Content starts
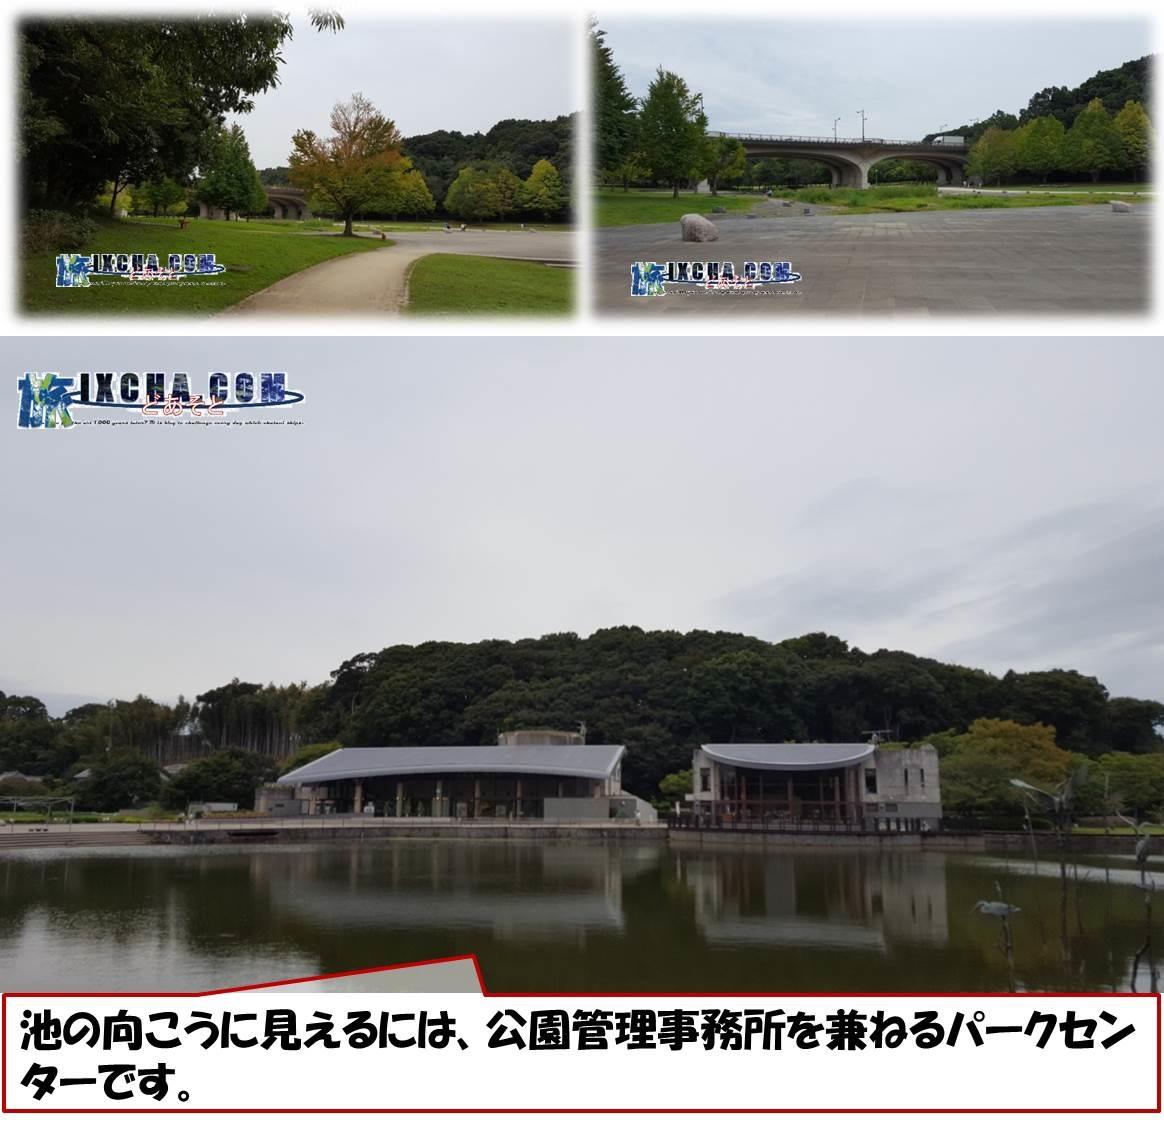 池の向こうに見えるには、公園管理事務所を兼ねるパークセンターです。
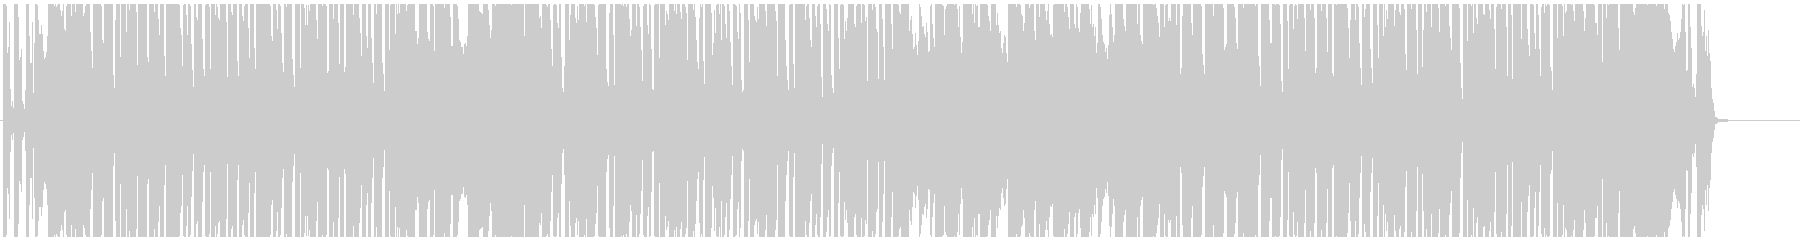 エレクトロ スウィング  ジャズの未再生の波形
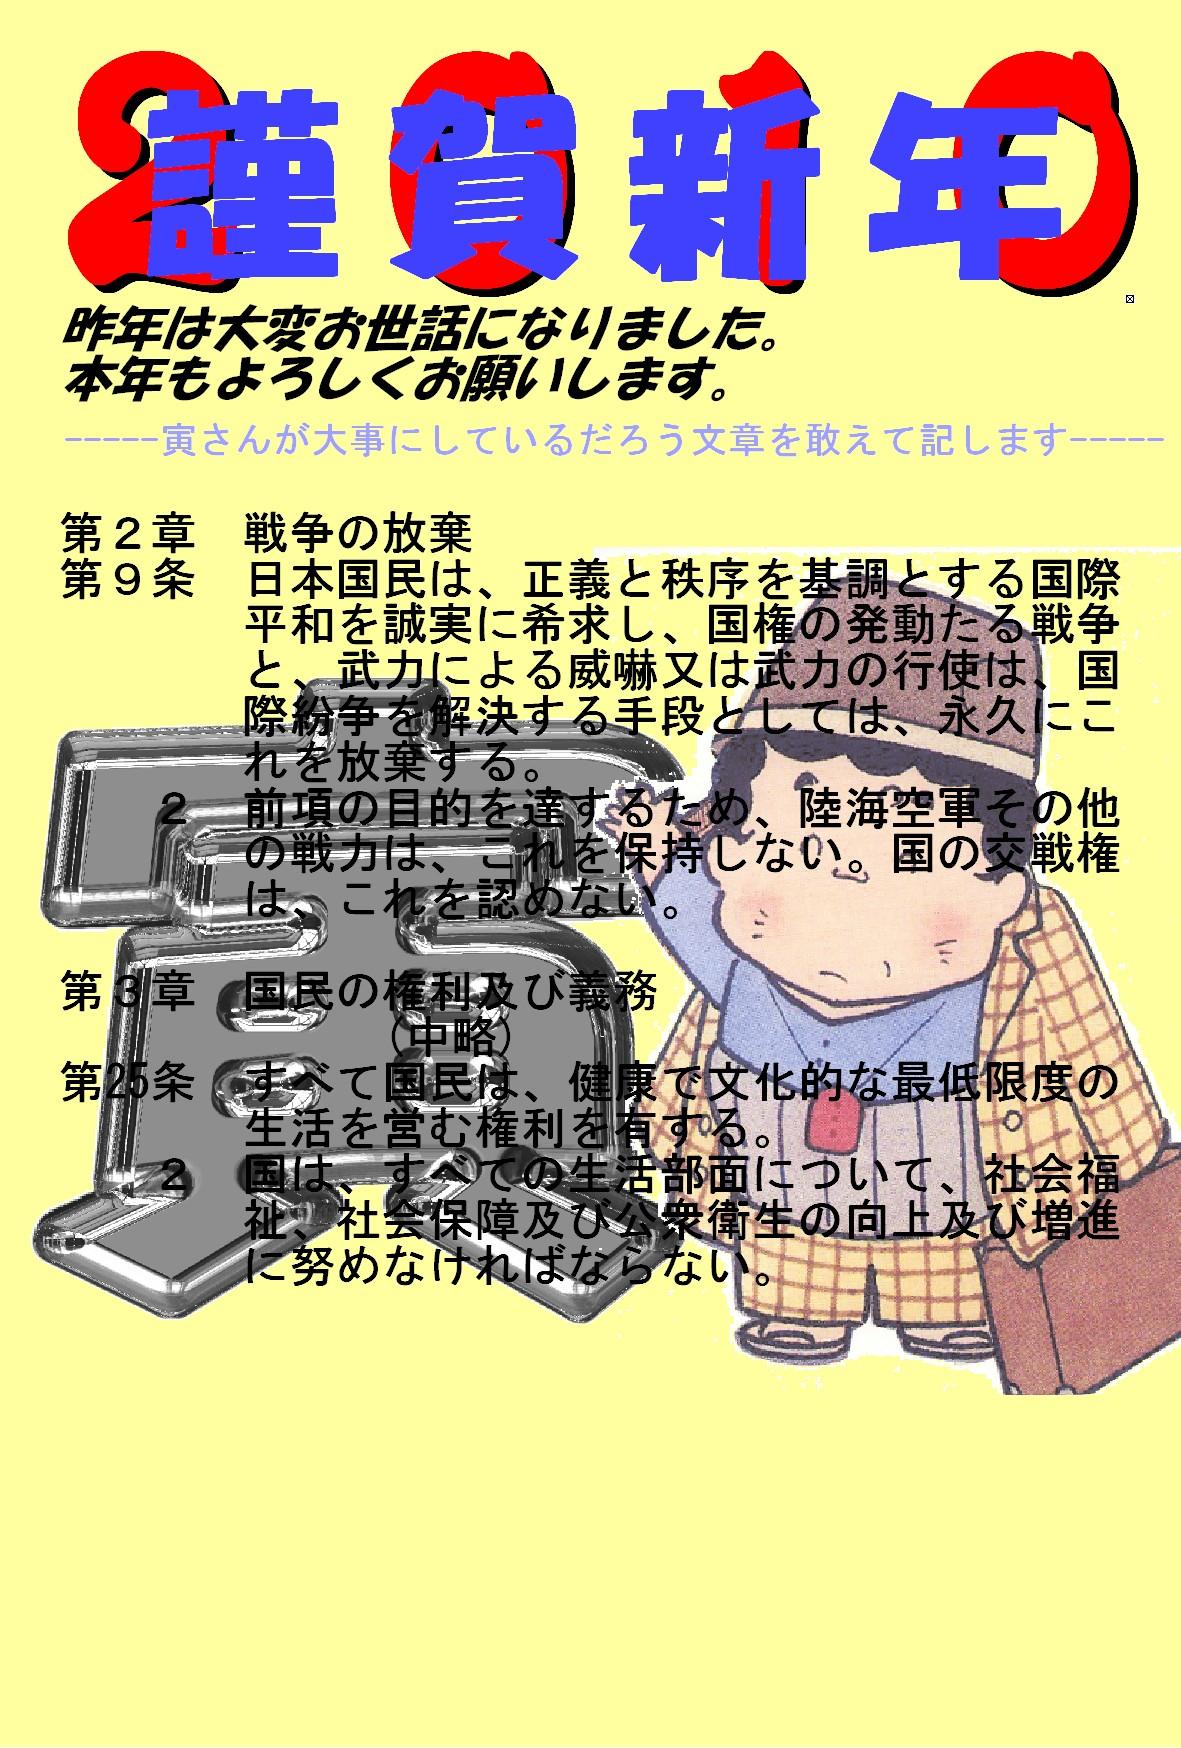 10年用年賀状裏面アドレス無し.jpg
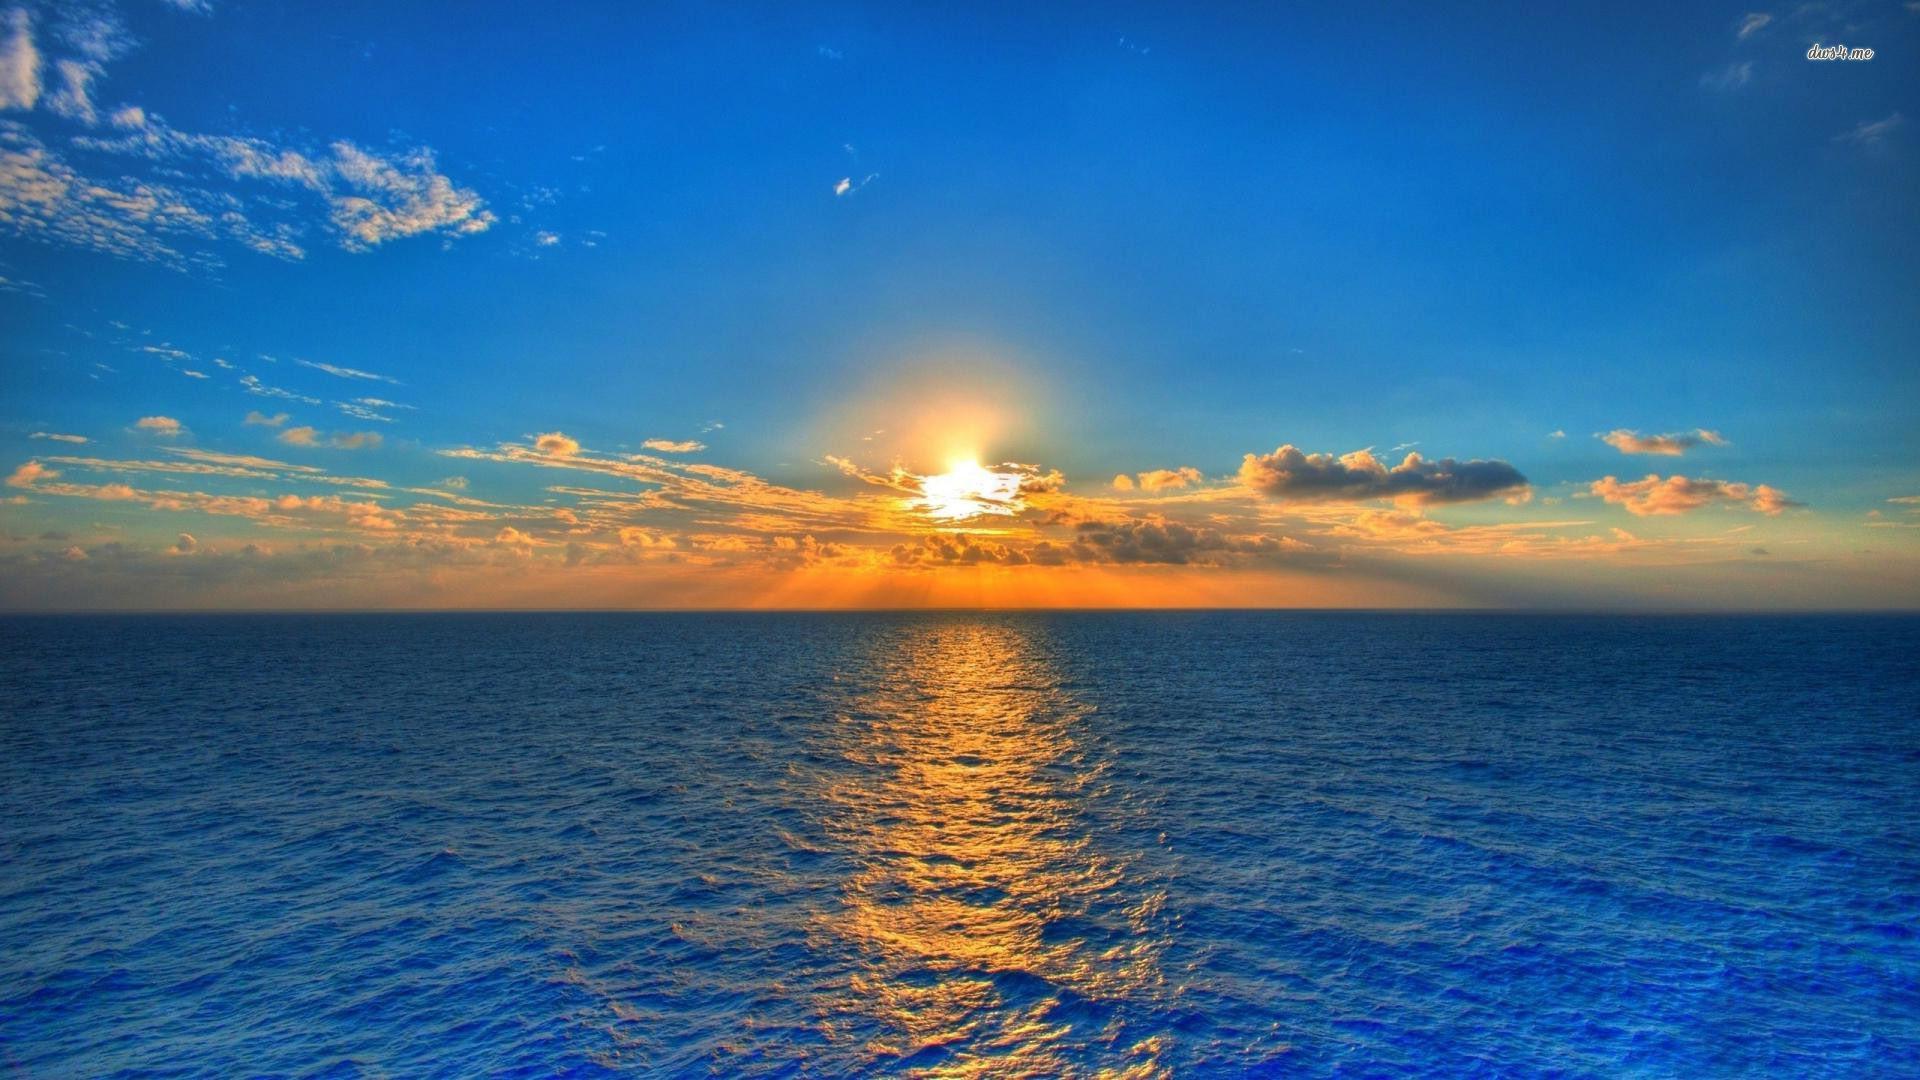 beach sunset background wallpaper free hd 3d desktop wallpapers hd
Content ends
## What to produce
Could you return the listing above exactly, minus its pictures?

## Solution
 池の向こうに見えるには、公園管理事務所を兼ねるパークセンターです。
 エレクトロ スウィング  ジャズの未再生の波形
 10年用年賀状裏面アドレス無し.jpg
 beach sunset background wallpaper free hd 3d desktop wallpapers hd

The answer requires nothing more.